DIY JVM Part 1: Decoding the Magic – Parsing Java
DIY JVM Part 1: Decoding the Magic – Parsing Java
It’s been about 15 years since I last touched C programming. Back in university, I remember writing a small C program for an assignment—just a simple parser that could scan a C source file and check if its structures were correctly formed. It was nothing fancy, just a mundane academic exercise, and to be honest, I never thought much about it afterward. That was the last time I wrote anything significant in C.
Since then, my career has been all about Java and JVM-based languages. C had faded into the background, a relic of my early programming days. But recently, I found myself feeling a bit nostalgic. C is often called the “mother of all programming languages,” and I started wondering—what would it be like to revisit it now, with all the knowledge and experience I’ve accumulated?
Of course, jumping back into C just for the sake of it didn’t make much sense. I wasn’t looking to relearn pointers and memory management from scratch. I wanted a project—something meaningful, something that would bridge my JVM expertise with this old friend from my past. And then it hit me: what if I built a barebones JVM in C? Nothing too ambitious—just a minimal interpreter that could read and execute Java class files. That way, I could explore the internals of the JVM while also refreshing my C skills.
And so, this DIY experiment began.
Understanding Java .class Files
When you compile a Java program, it produces a .class file—essentially a binary representation of Java bytecode. This file follows a strict format defined in the Java Virtual Machine Specification. At its core, it’s a structured stream of bytes, each part serving a specific purpose. If you’ve ever wondered what makes a .class file valid, here’s a quick breakdown:
- Magic Number (4 bytes) : Every valid .class file starts with 0xCAFEBABE (big-endian format). If this signature doesn’t match, the JVM rejects the file.
- Minor \& Major Version (2 + 2 bytes) : Indicates the Java version the file was compiled for. Java 8, for instance, has a major version of 52.
- Constant Pool Count (2 bytes) : This tells us how many entries exist in the constant pool—a table of constants (strings, numbers, method references, etc.) used throughout the class file.
- Constant Pool (variable size) : This is where the JVM stores symbolic references to class names, method names, field names, and other constants.
- Access Flags (2 bytes) : Specifies whether the class is public, final, abstract, or an interface.
- This Class (2 bytes) : A reference to the constant pool entry that holds the fully qualified name of the class.
- Super Class (2 bytes) : Similar to This Class, but for the superclass.
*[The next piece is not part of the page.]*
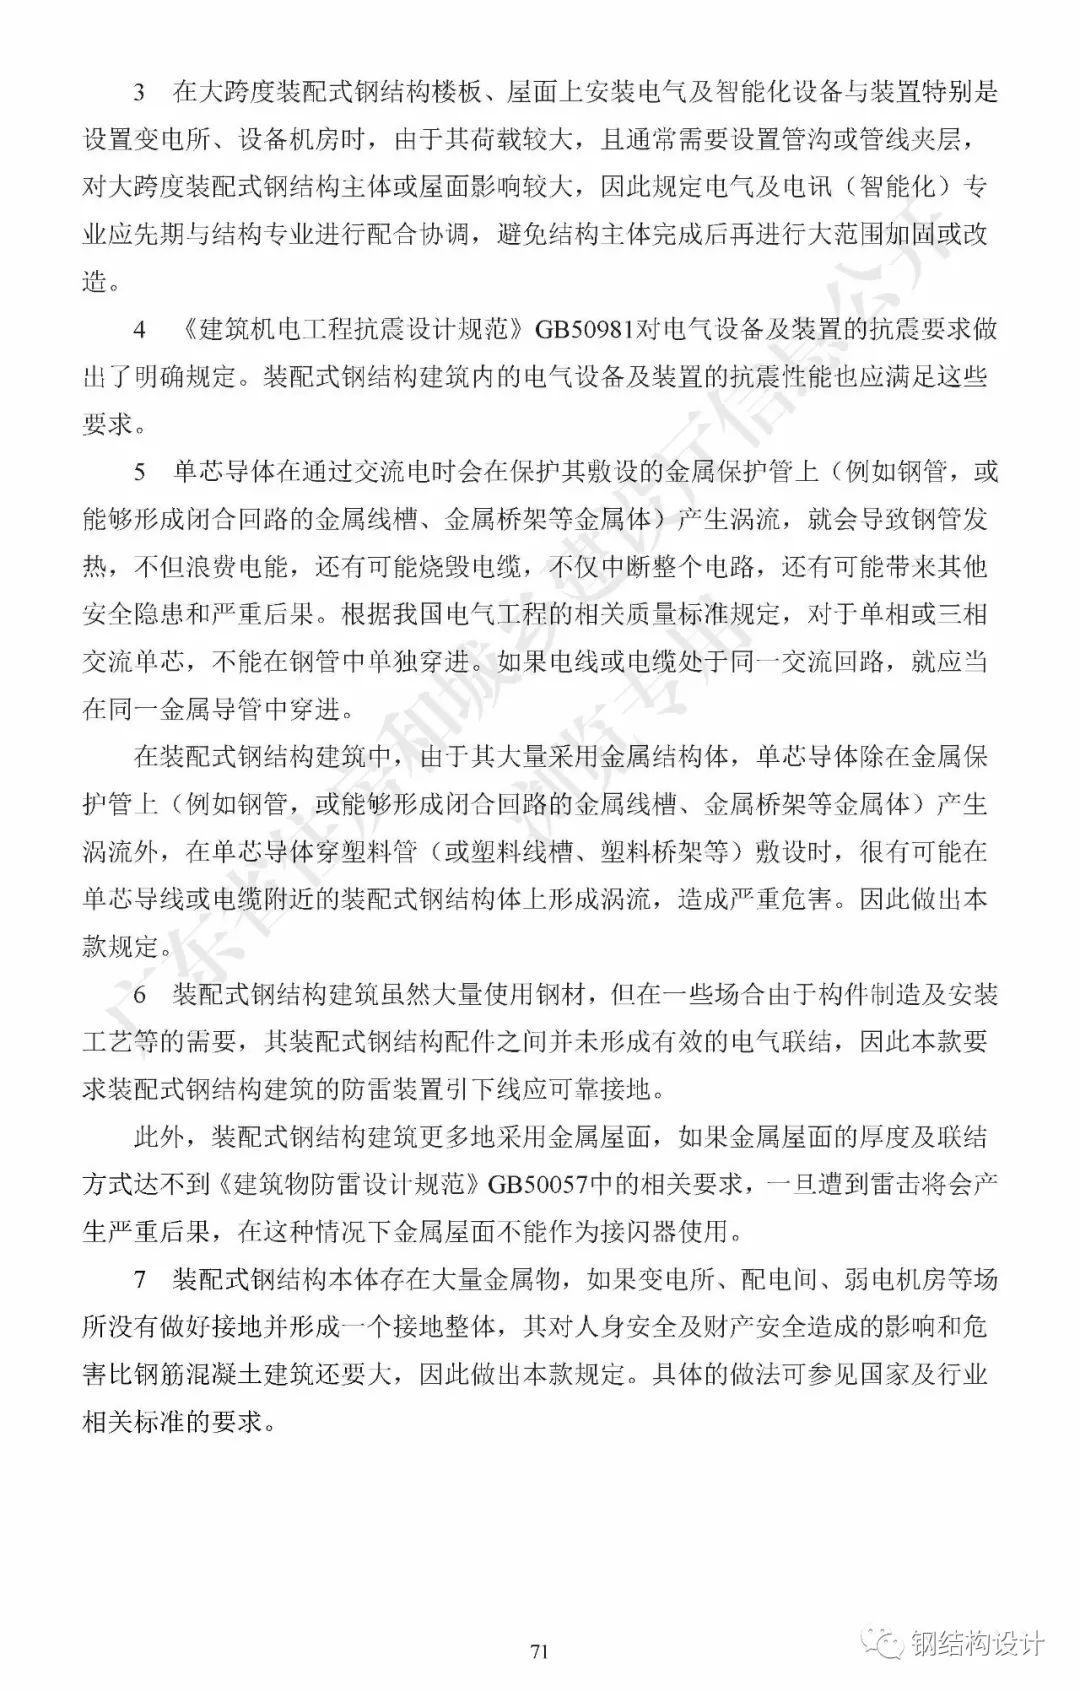 广东省《装配式钢结构建筑技术规程》发布_81

If the class extends another class, this field points to it; otherwise, it’s java.lang.Object.
- Interfaces, Fields, Methods, and Attributes : These define what the class implements, the variables it declares, the methods it contains, and additional metadata like annotations and debugging information.
For example, if we take a hexdump of a .class file, it will look like this:
As you can see, it is just a stream of bytes, and the first 4 bytes are the magic number, cafe babe.
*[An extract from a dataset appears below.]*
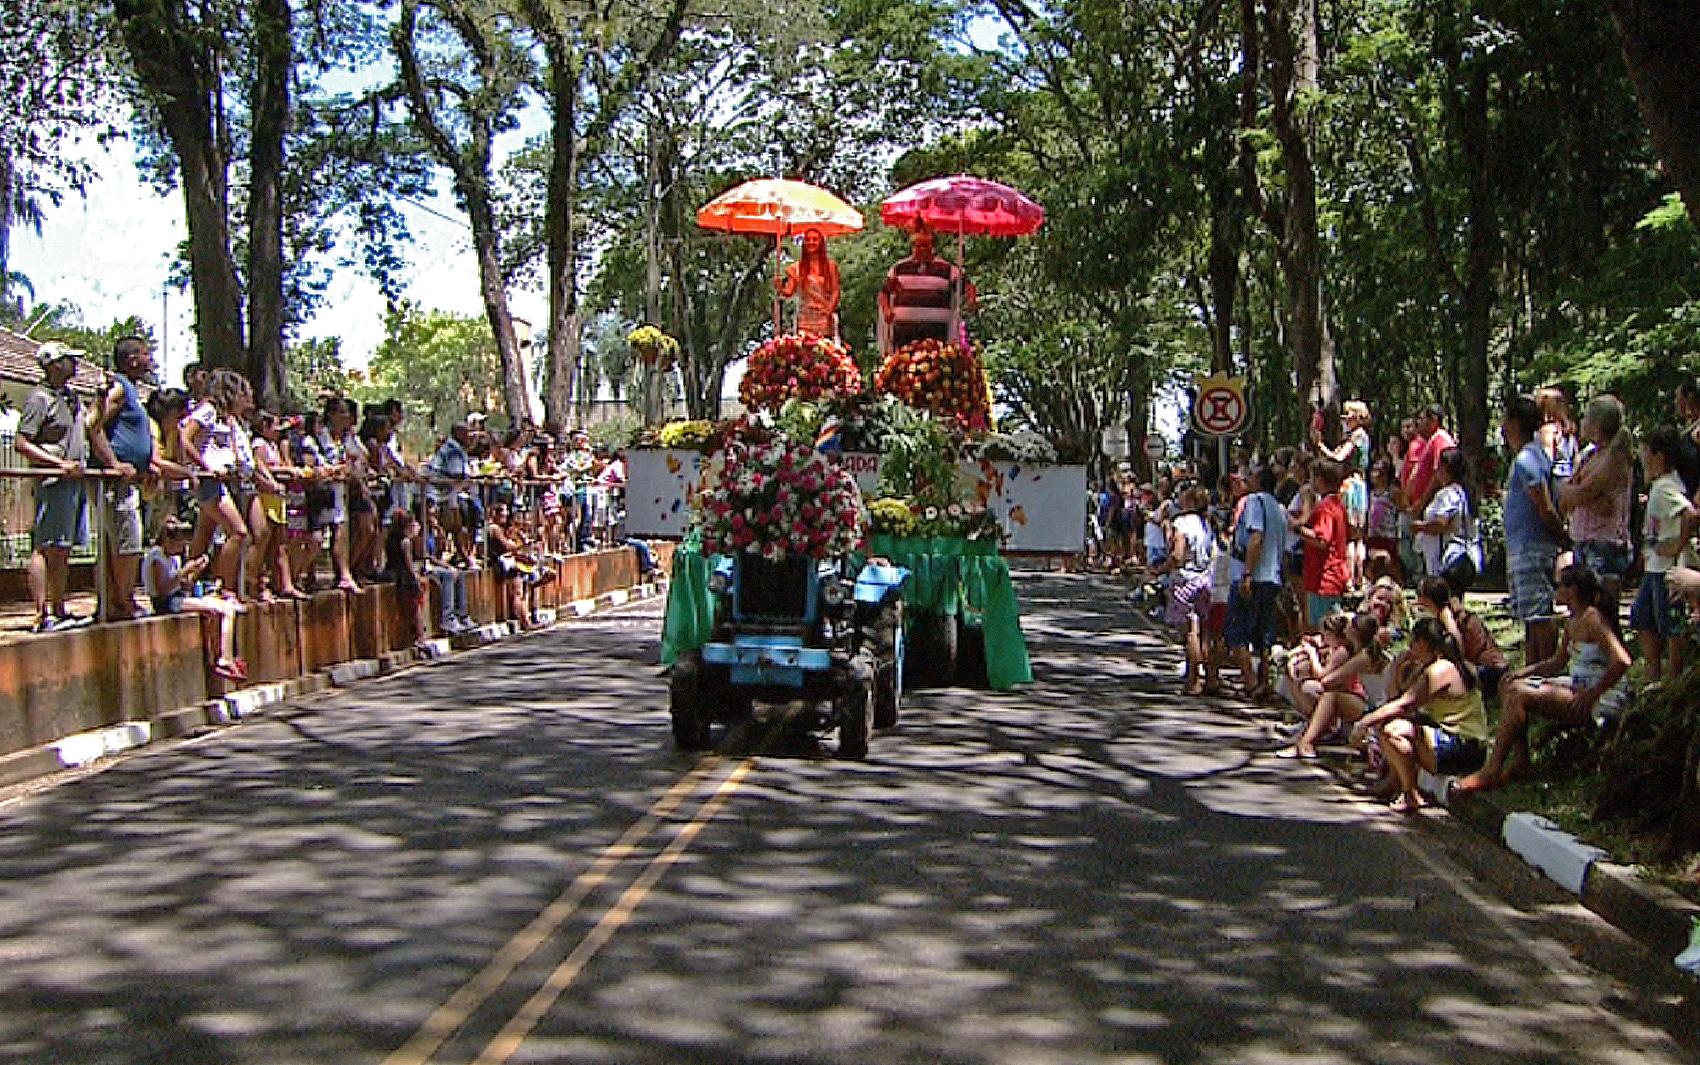 Diretor De Carnaval Deixa Tradicional Escola De Sp: FOTOS: Carnaval Em Holambra, SP, Tem Carros Decorados Com

We don’t need to implement everything for our minimal JVM—just enough to parse and understand a .class file.
A Quick C Refresher
Before diving into the implementation, let’s quickly touch on some fundamental C concepts we’ll use in our parser.
Preprocessor Directives
In C, preprocessor directives (which begin with #) are handled before actual compilation. Common ones include:
#include <stdint.h>
#include <stdio.h>
#include <stdlib.h>
#define MAX_CONSTANT_POOL_SIZE 32767
- #include <stdio.h> : Includes the standard I/O functions like printf and fopen.
- #include <stdlib.h> : Includes general utilities like malloc/calloc and free.
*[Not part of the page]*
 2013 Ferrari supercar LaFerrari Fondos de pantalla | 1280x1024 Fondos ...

- #define MAX_SIZE 32767 : Defines a macro, replacing occurrences of MAX_SIZE with 32767 before compilation.
Structs and Header Files
To keep things clean, we’ll separate our code into header files (.h ) and source files (.c ). Our header file (diyjvm.h ) will contain:
typedef struct {
uint32_t magic;
uint16_t minor_version;
uint16_t major_version;
uint16_t constant_pool_count;
cp_info *constant_pool;
uint16_t access_flags;
uint16_t this_class;
uint16_t super_class;
uint16_t interfaces_count;
uint16_t fields_count; // We'll skip storing the fields themselves for now
uint16_t methods_count;
method_info *methods;
} ClassFile;
We define data structures using struct and union keywords in C. It’s like class, but I guess it’s less classy or more!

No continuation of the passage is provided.